# Alaska 2011.



## KrisL (Dec 22, 2001)

I will ride to Prudhoe Bay, AK in June, 2011.

Anybody been there?


----------



## mlinkibikr (Mar 27, 2007)

I think that may be one of the last big North American adventures. No, I haven't gone, nor do I think I will for a while - the time commitment alone is a big obstacle for me.

If you havn't checked it out already, check out Advrider for a lot of lessons learned and ride reports. Keep us posted as you plan the trip!


----------



## sno_duc (Sep 3, 2008)

Not on two wheels. I've been up to the slope ( Kuparuk and Alpine ) numerous times. I've seen snow at the Deadhorse airport in July. Bring your cold weather gear.


----------



## Patrick (Dec 23, 2001)

*The Wrong Way Up*



KrisL said:


> I will ride to Prudhoe Bay, AK in June, 2011.


Ok, I will bite.

Why?

Starting from where? Fairbanks?


----------



## KrisL (Dec 22, 2001)

sno_duc said:


> Bring your cold weather gear.


Well... duh .



Patrick said:


> Ok, I will bite.
> 
> Why?
> 
> Starting from where? Fairbanks?


Why not?

Starting from San Jose, CA.

My current route idea:
http://tinyurl.com/ya3fw5q


----------



## sno_duc (Sep 3, 2008)

Your proposed route will be very scenic.
I would propably add on night in between Prince George BC and Whitehorse YT. I can make that kind of time in the winter, but in the summer you'll have half the motorhomes in North America cruising about 45 mph. ( I exaggerate a little, but after a couple of hundred miles you'll agree )
If you don't have one already, pick up a copy of the "Milepost". Covers all the roads in Alaska and the AlCan.

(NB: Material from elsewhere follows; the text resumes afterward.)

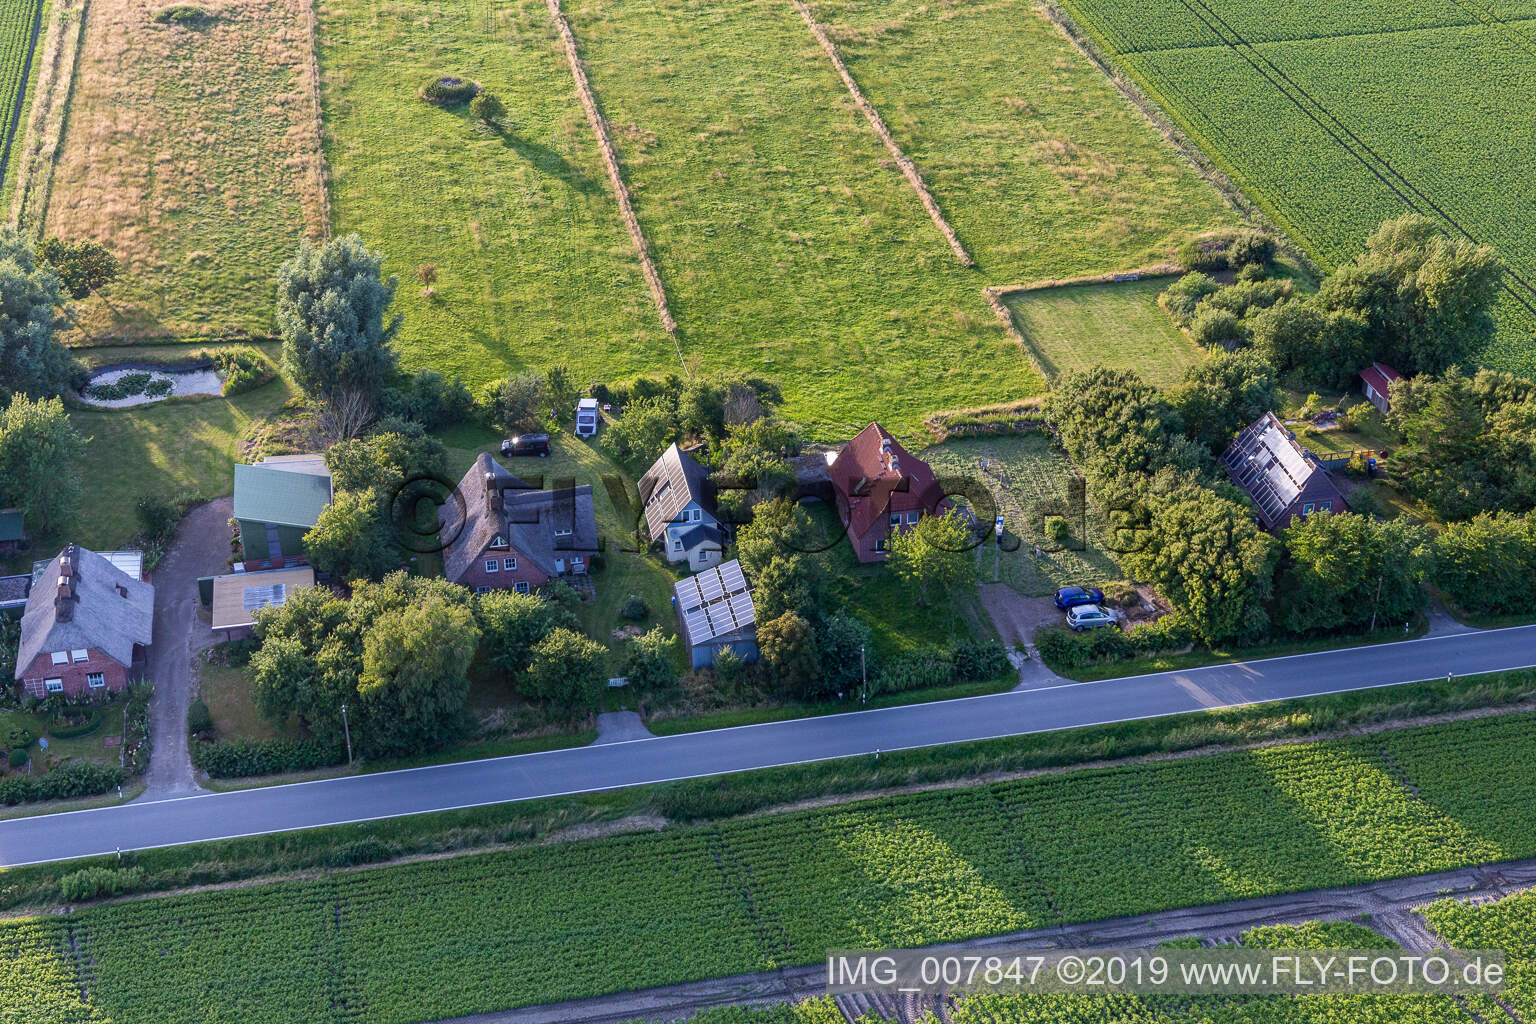 Drone image of Schülpersieler Straße in Wesselburenerkoog in the state Schleswig Holstein, Germany

When it gets closer shoot me a PM, I'll ride up to Tok,meet up, and ride with you to Fairbanks.


----------



## KrisL (Dec 22, 2001)

sno_duc said:


> Your proposed route will be very scenic.
> I would propably add on night in between Prince George BC and Whitehorse YT. I can make that kind of time in the winter, but in the summer you'll have half the motorhomes in North America cruising about 45 mph. ( I exaggerate a little, but after a couple of hundred miles you'll agree )
> If you don't have one already, pick up a copy of the "Milepost". Covers all the roads in Alaska and the AlCan.
> 
> When it gets closer shoot me a PM, I'll ride up to Tok,meet up, and ride with you to Fairbanks.


The "stops" you see on the Google Maps route aren't stops, they're just entries I put in there to get Google Maps to follow the route I want. We plan on only riding 400ish miles a day.

"Milepost" is already on its way to me .


----------



## 3LOU5 (Jun 14, 2002)

On what bike?

If you're going to use your VFR, I highly suggest that you reconsider.

Iirc, the road from Fairbanks to Prudhoe Bay is dirt/gravel. You'd be far better off with something like a dual-sport BMW, imo.


----------



## KrisL (Dec 22, 2001)

3LOU5 said:


> On what bike?
> 
> If you're going to use your VFR, I highly suggest that you reconsider.
> 
> Iirc, the road from Fairbanks to Prudhoe Bay is dirt/gravel. You'd be far better off with something like a dual-sport BMW, imo.


Yep, the VFR. Yep, I know it's dirt/gravel. Nope, not reconsidering.
Probably put some Pirelli Scorpion Trail tires on, though. They just came out with a 190 rear (OEM tire on the new Multistrada 1200).


----------